See [Masquerade](/manage/networks/masquerade) for persistent return-route configuration on the destination host.

> **Note:** ACL Groups on **Network Routes** (this page) match against peer NetBird IPs only, which limits source-IP-preserving access control on this path. For masquerade-off deployments with policy-layer ACLs, use the newer **Networks** path — see [Masquerade](/manage/networks/masquerade).

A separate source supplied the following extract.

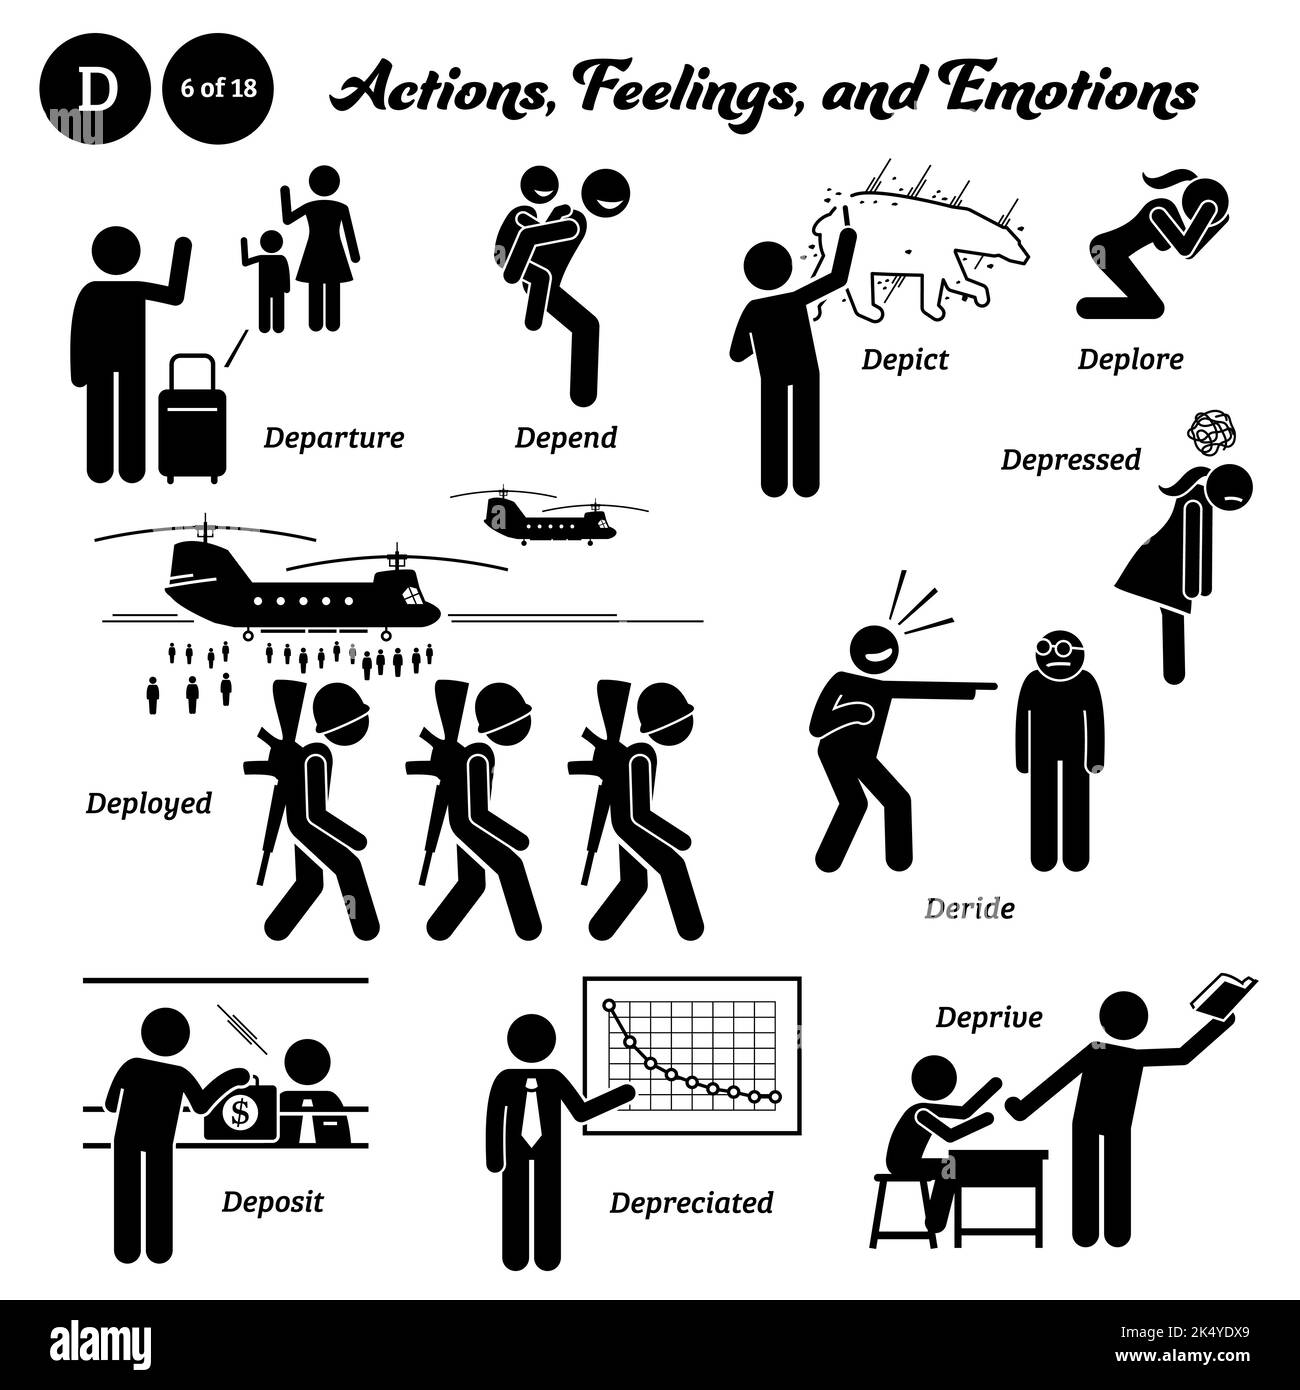 Stick figure human people man action, feelings, and emotions icons alphabet D. Departure, depend, depict, deplore, deployed, deride, depressed, deposi Stock Vector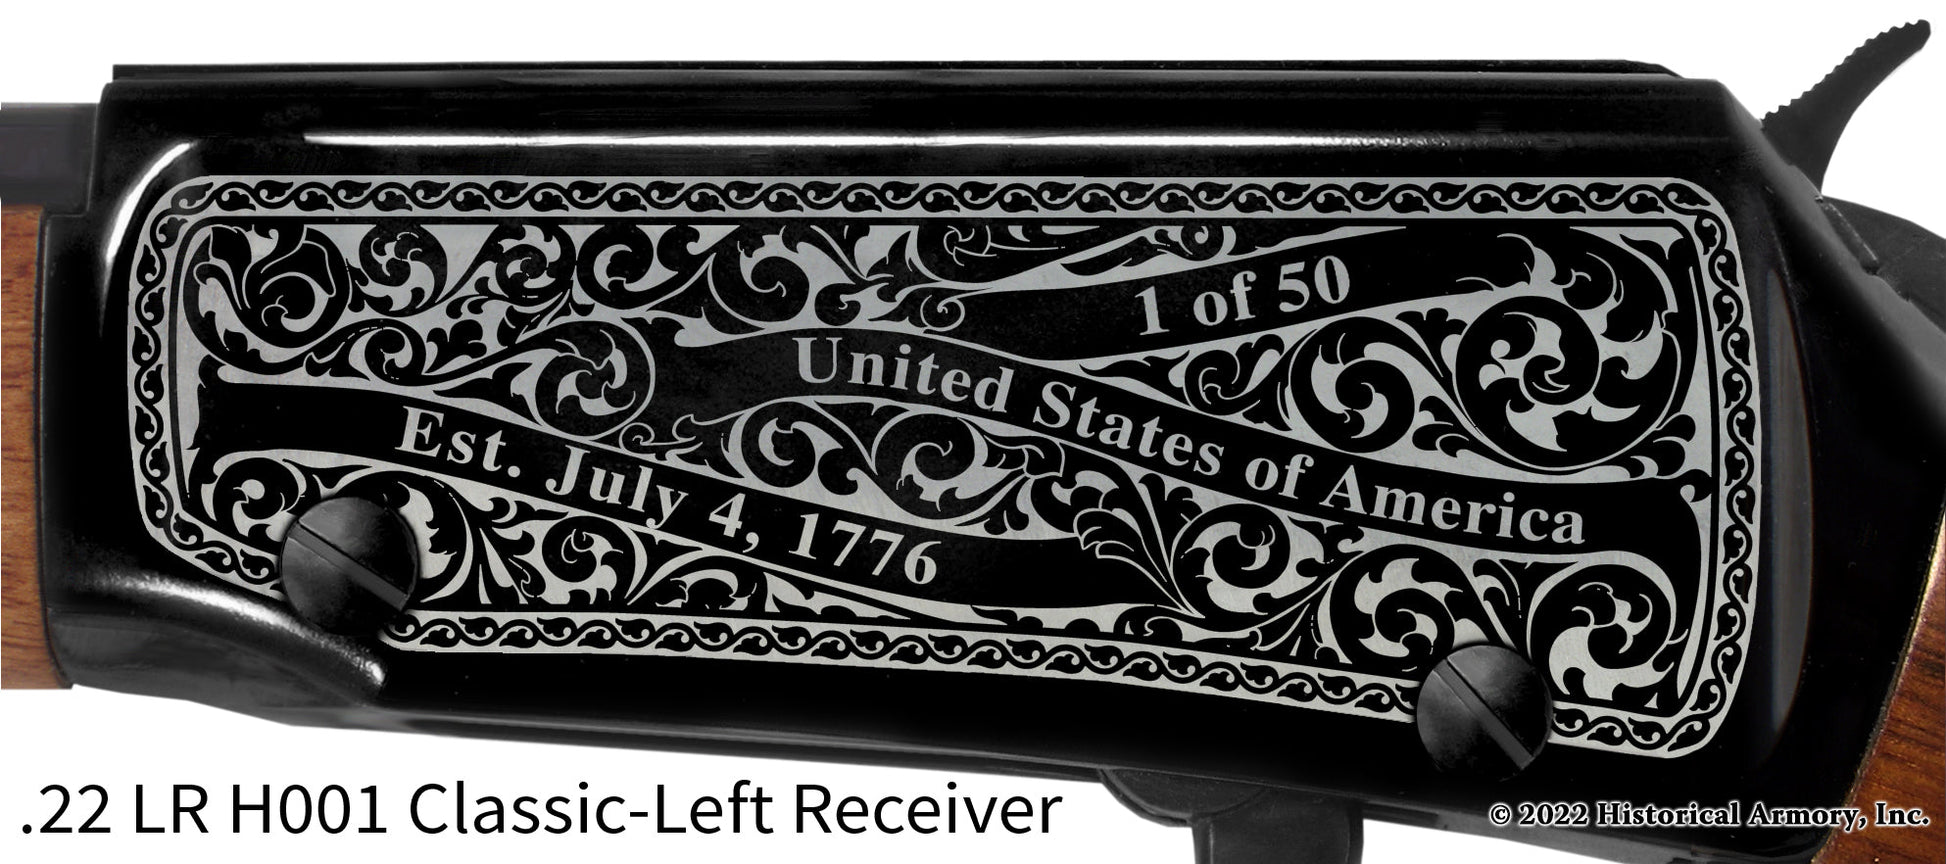 Franklin County Missouri Engraved Henry H001 Rifle

### Choosing the right approach

| Requirement | Approach |
|---|---|
| Simple remote access | [Networks](/manage/networks) with masquerade |
| Site-to-Site with access control | Network Routes with masquerade + ACL Groups |
| Audit trail needs source IPs | Network Routes without masquerade + OS firewall on the remote network |
| Compliance requirements | Depends on the specific framework |

## Networks vs Network Routes

| Aspect | Networks | Network Routes |
|--------|----------|----------------|
| Supported scenarios | VPN-to-Site only | All (VPN-to-Site, Site-to-VPN, Site-to-Site) |
| Access control | Per-resource policies | Per-route with ACL Groups |
| Masquerade | Always enabled | Configurable |
| Setup complexity | Simpler | More manual configuration |
| Routing peer redundancy | Built-in | Manual configuration |
| Policy requirement | Resource policies only | Routing peer + ACL Group policies |

## Troubleshooting

### Route not active

**Symptoms:** Peers do not see the route; `netbird routes list` shows nothing.

**Causes:**
1. No access policy grants access to the routing peer
2. Routing peer is offline
3. ACL Group has no policies granting access

**Solution:**
- Ensure at least one policy connects to the routing peer's group
- Verify routing peer status in the dashboard
- Check that ACL Group policies exist

### Traffic times out

**Symptoms:** Ping or connections hang with no response.

**Causes:**
1. Routing peer cannot reach the destination network
2. Masquerade is disabled and no return route exists
3. Firewall is blocking traffic

**Solution:**
- Test from the routing peer: `ping <destination>` directly
- If masquerade is off, verify return routes are configured on the remote network
- Check the OS firewall on the routing peer: `iptables -L -n` or equivalent

### Connection works one way

**Symptoms:** Can reach the remote site but responses do not return.

**Causes:**
1. Missing reverse route (Site-to-Site)
2. Asymmetric policies
3. Stateful firewall issues

**Solution:**
- Ensure routes exist in both directions
- Verify policies allow return traffic
- Check firewall state tracking

### Wrong traffic routed

**Symptoms:** Unexpected traffic going through NetBird.

**Causes:**
1. Overlapping routes
2. Route priority issues
3. Incorrect subnet configuration

**Solution:**
- Review all Network Routes for overlaps — see [Overlapping Routes](/manage/network-routes/overlapping-routes)
- Use more specific routes where needed
- Verify subnet CIDR notation is correct

### Debug commands

**On the routing peer:**

```bash
# NetBird status
netbird status

# Active routes
netbird routes list

# System routes
ip route show

# Monitor traffic (Linux)
sudo tcpdump -i any -n host <destination>

# Confirm IP forwarding is enabled
cat /proc/sys/net/ipv4/ip_forward
```

**On a client peer:**

```bash
# Which networks/routes are selected
netbird networks ls

# Trace the path
traceroute <destination>
```

## Performance

- Place routing peers on machines with good network connectivity to the resources they serve and to the internet
- Avoid routing through bandwidth-constrained links
- For high-throughput scenarios, consider dedicated hardware
- Track CPU, memory, network throughput, and connection count on routing peers
- Use [activity logging](/manage/activity) to monitor access patterns and troubleshoot issues

For high availability (multiple routing peers per route), see [High Availability](/manage/network-routes#high-availability) on the concept page.